Monday, January 11, 2010

Welcome to the Psychology of Advertising

I began this blog on the Psychology of Advertising a year ago. The objective remains to provide observations about current events and point out helpful sources for thinking about advertising.

The blog is meant for anyone interested in advertising. People everywhere like to study advertising. In the past year, thousands of people in almost 70 countries have read one or more of the 75 postings.

The spring semester begins next Tuesday. I will again be teaching a graduate course called Psychology of Advertising. This course has a long tradition at the University of Minnesota. I will also be teaching 60 wonderful undergraduate students in a course that introduces them to account planning.

In the 1890s , Harlow Gale, a faculty member in the Philosophy Department, taught a seminar he called Psychology of Advertising. Today, Gale is acknowledged as the first person to conduct scientific studies of the effects of advertising.

So this Minnesota tradition continues next week. And, I am looking forward to posting observations here on this blog.
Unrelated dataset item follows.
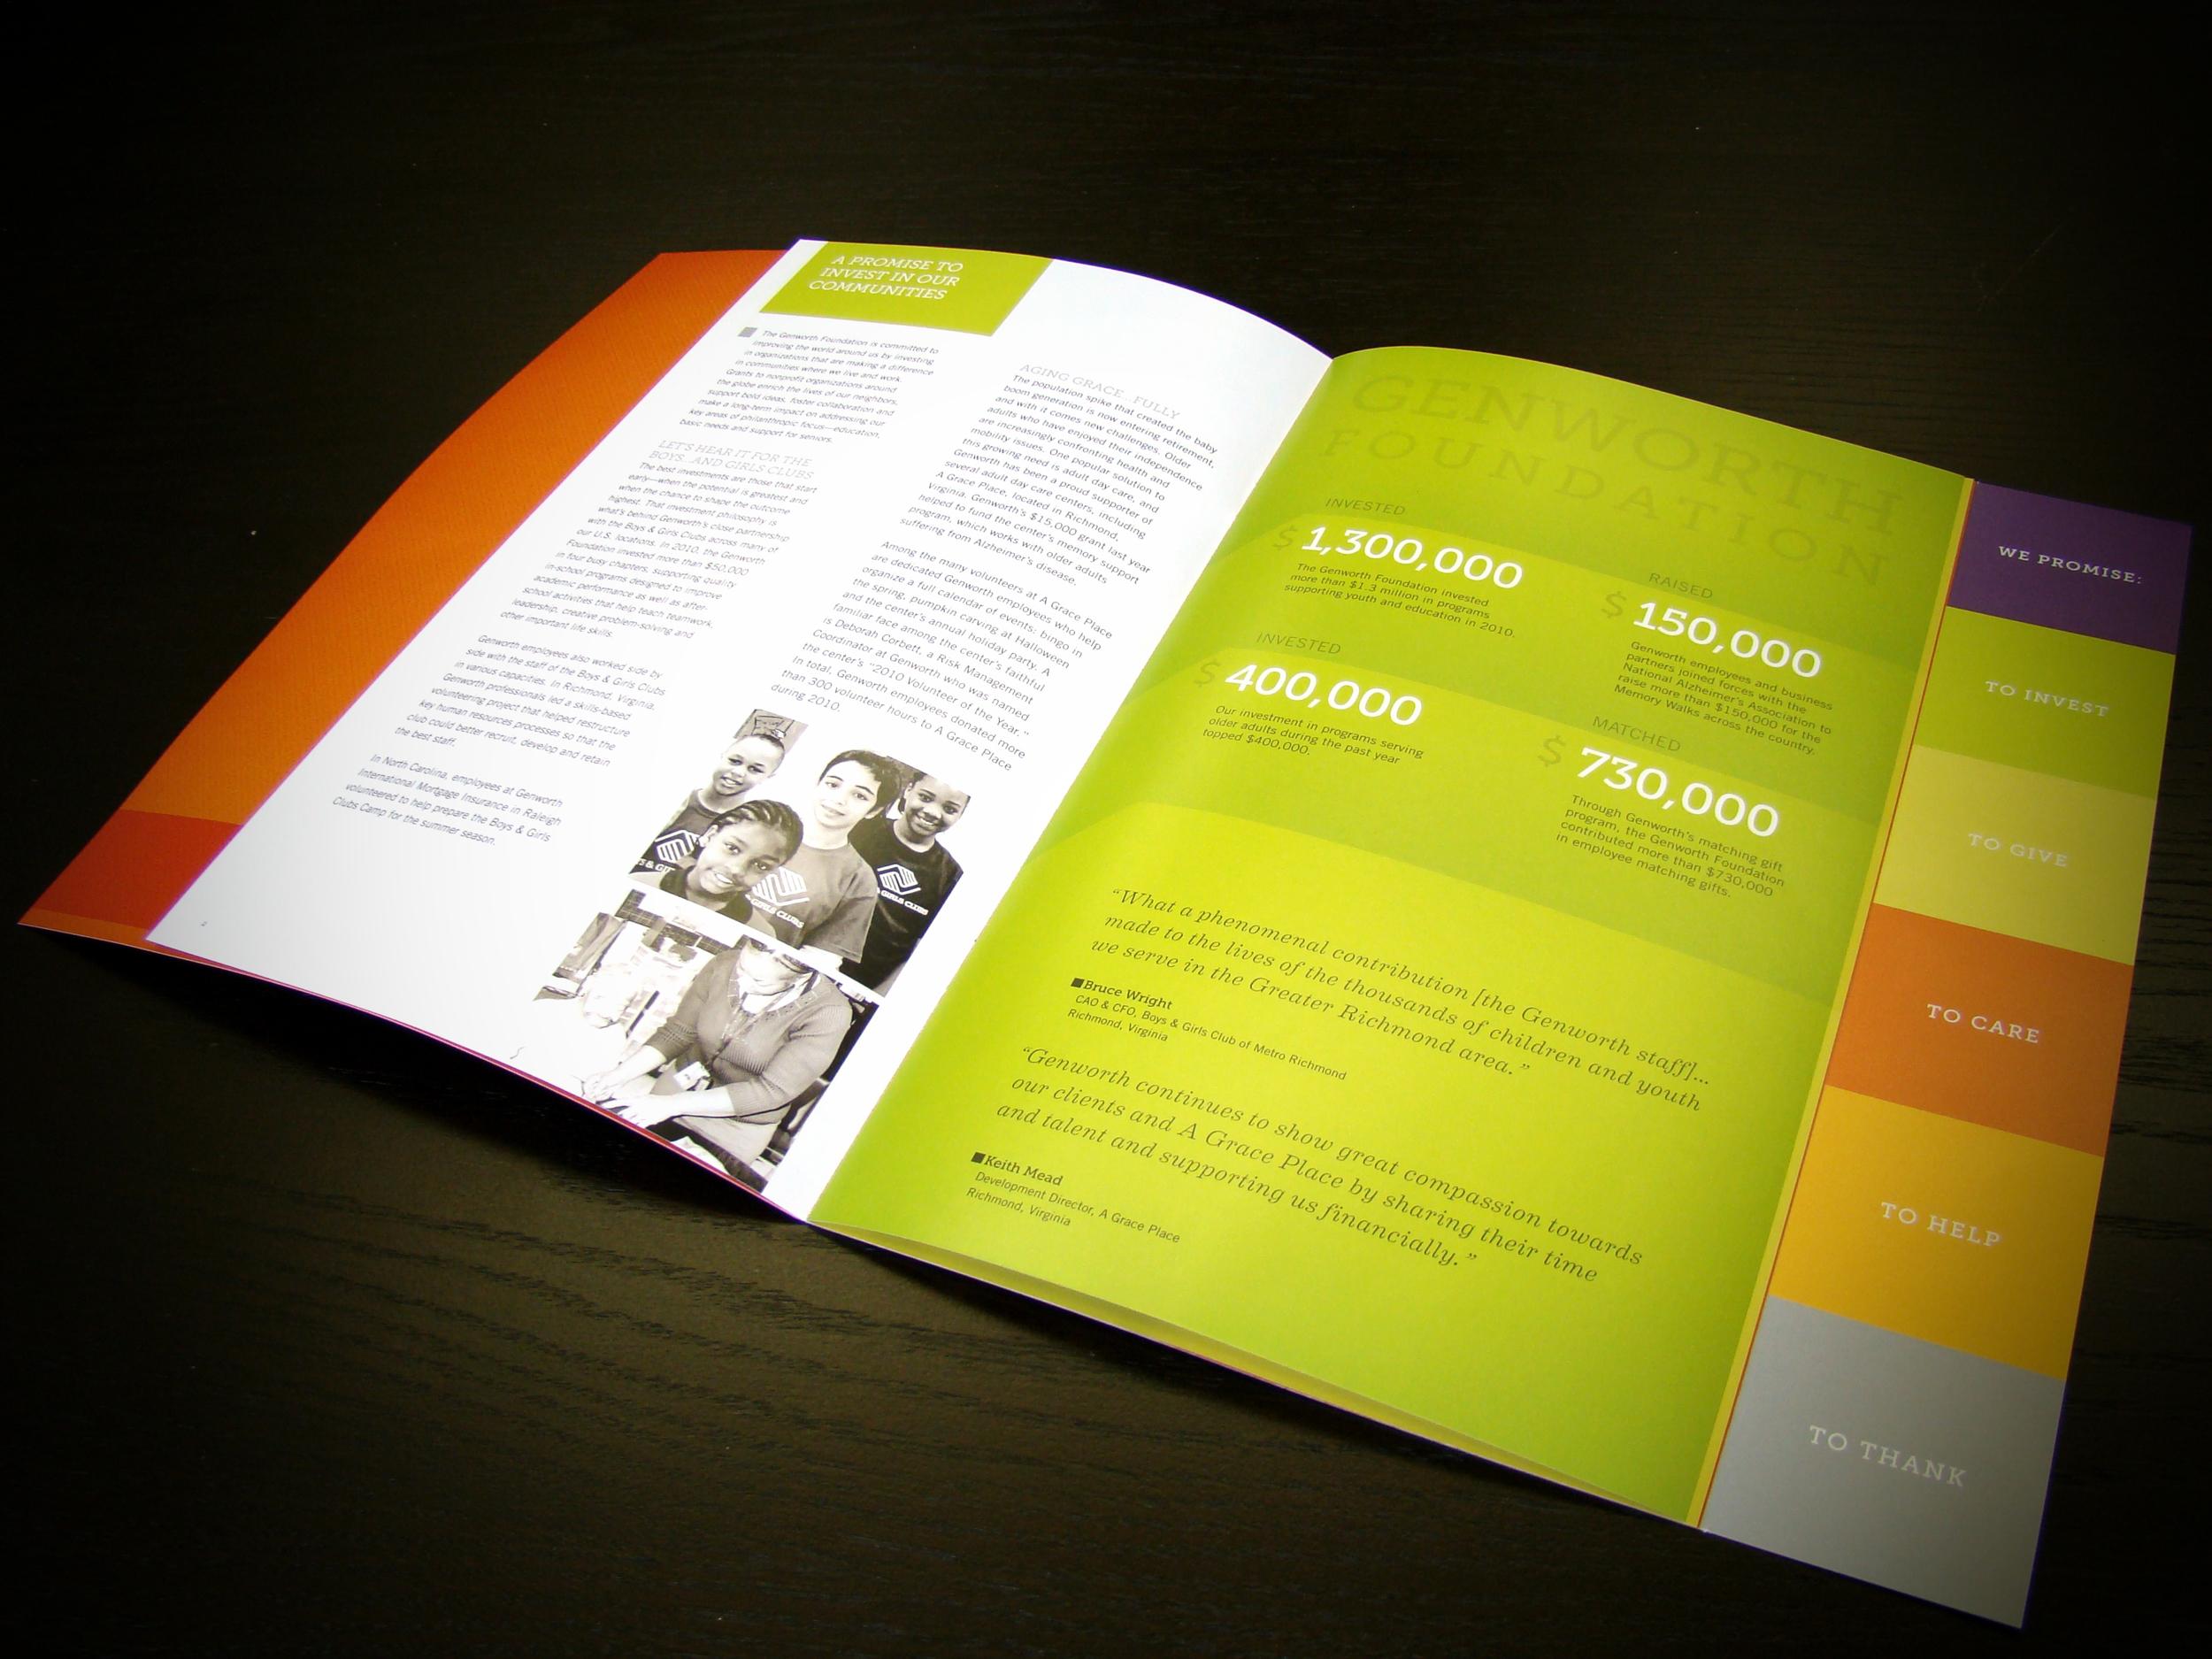 Genworth Foundation Annual Report Interior Spread

Many postings will correspond with discussions that are taking place in class, but the postings will also be offered with the understanding there are many readers around the world.
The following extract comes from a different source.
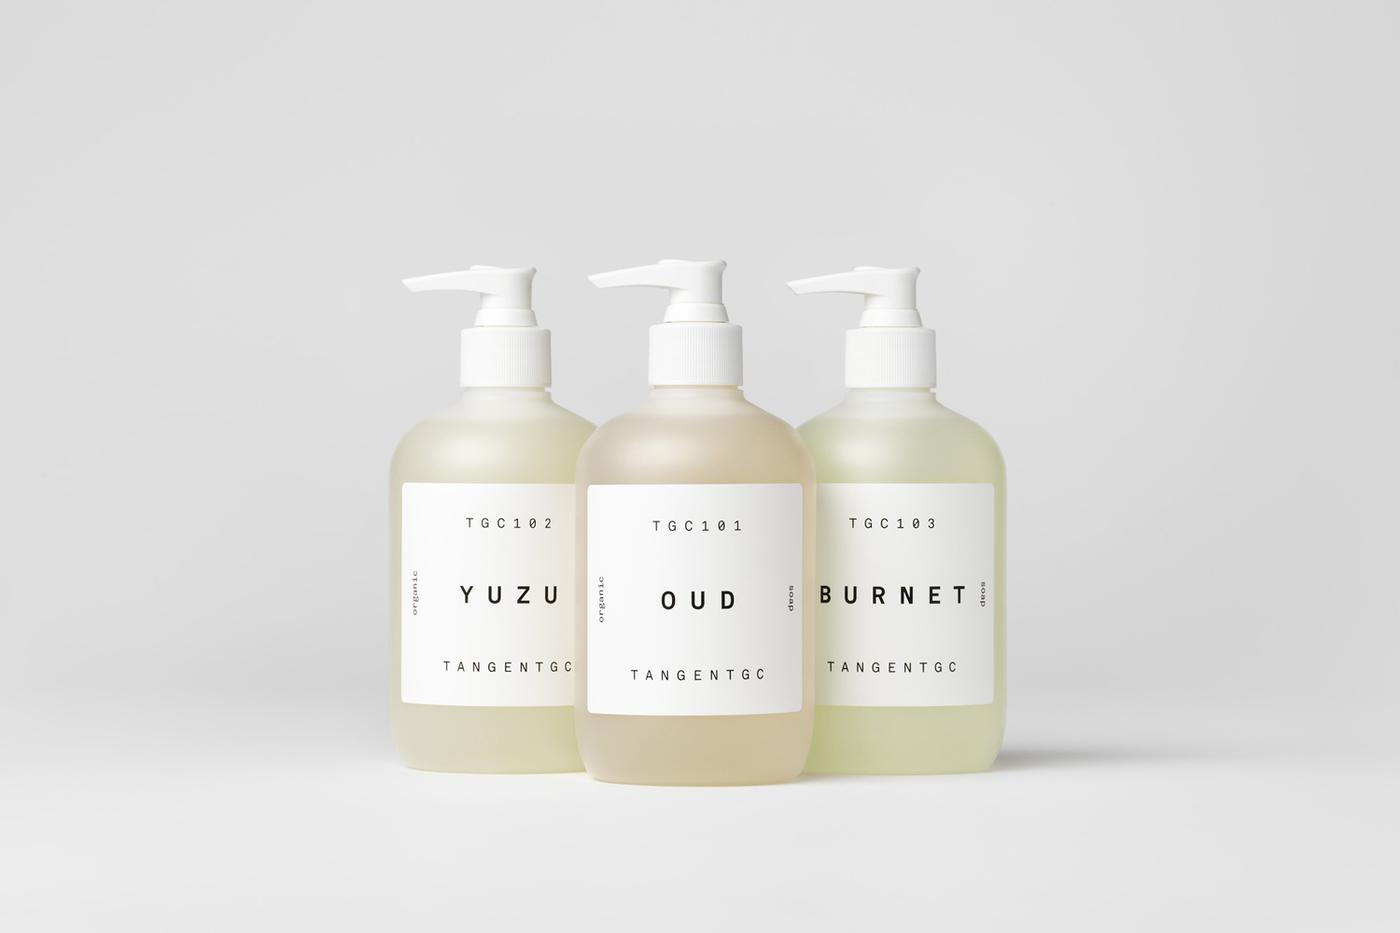 06-Tangent-GC-Soap-Packaging-Carl-Nas-Associates-London-UK-BPO.jpeg

Welcome to Psychology of Advertising.

Saturday, January 2, 2010

Distracted Driving and Advertising

Outdoor advertising is often placed to get the attention of drivers, but in a helpful manner. It is there pointing the way to a motel at the end of a long day on the highway, or it tells us the furniture store we seek is just around the corner, or the fastest way to the fast food.

The best outdoor advertising is designed to be read and understood almost instantly, while your eyes are still looking out the windshield.
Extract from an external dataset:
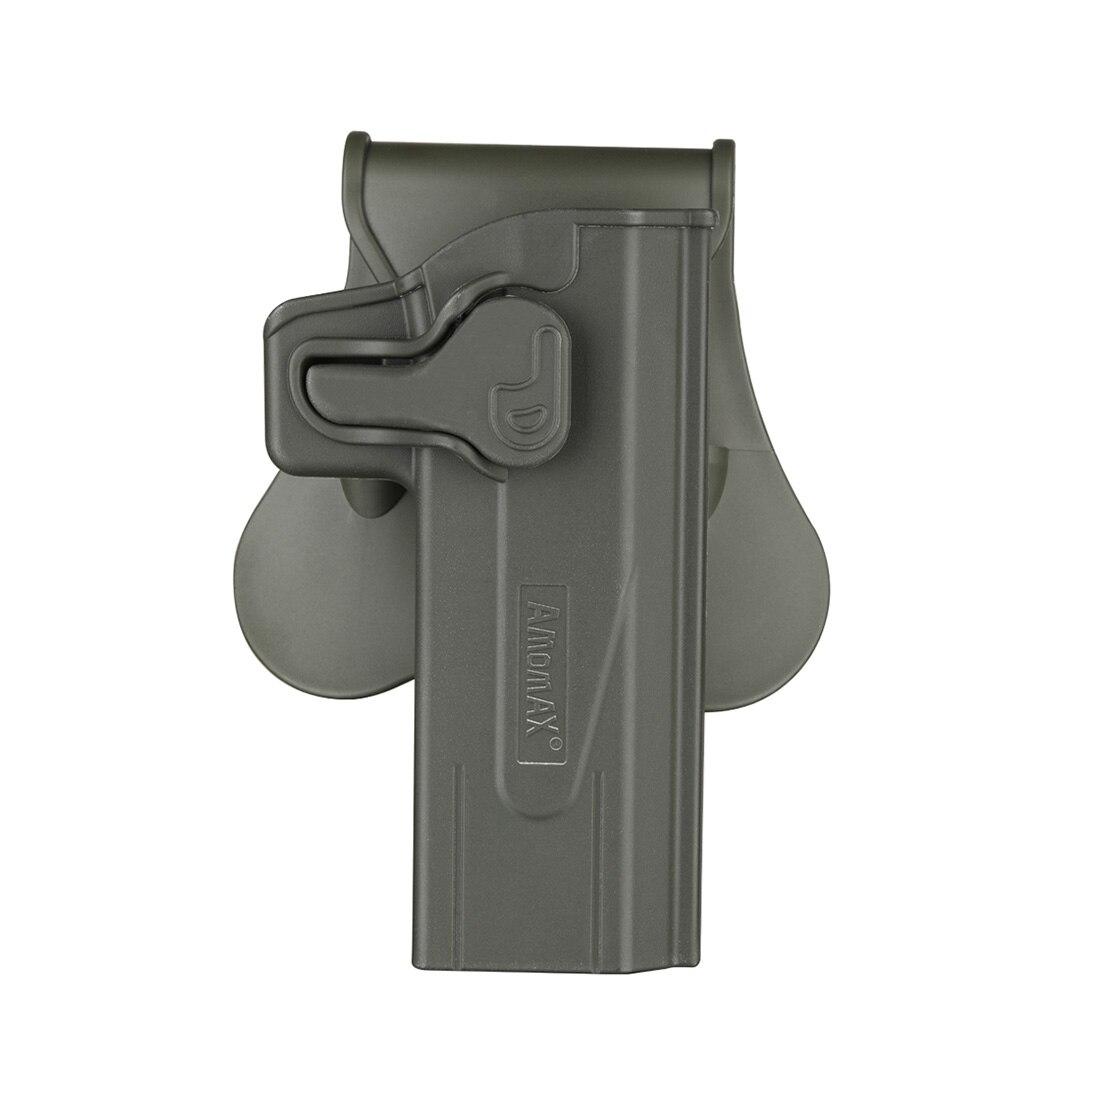 Amomax Adjustable Tactical Holster For STI Hi-capa 2011 Series Blaster/Tokyo Marui/WE/KWA/KJW/NOVRITSCH/SRC BABA YAGA-Right-hand

Now, distracting our attention from outdoor advertising and our driving responsibilities, comes the latest designed-in distractions inside the car. Earlier posts on Psychology of Advertising have addressed the issues of cell phone use while driving and the designed-in distractions of the latest information and entertainment systems built into many automobiles. Advertising by cell phone providers and automobile manufacturers has routinely promoted these products and features, seemingly without recognition of the risks while driving.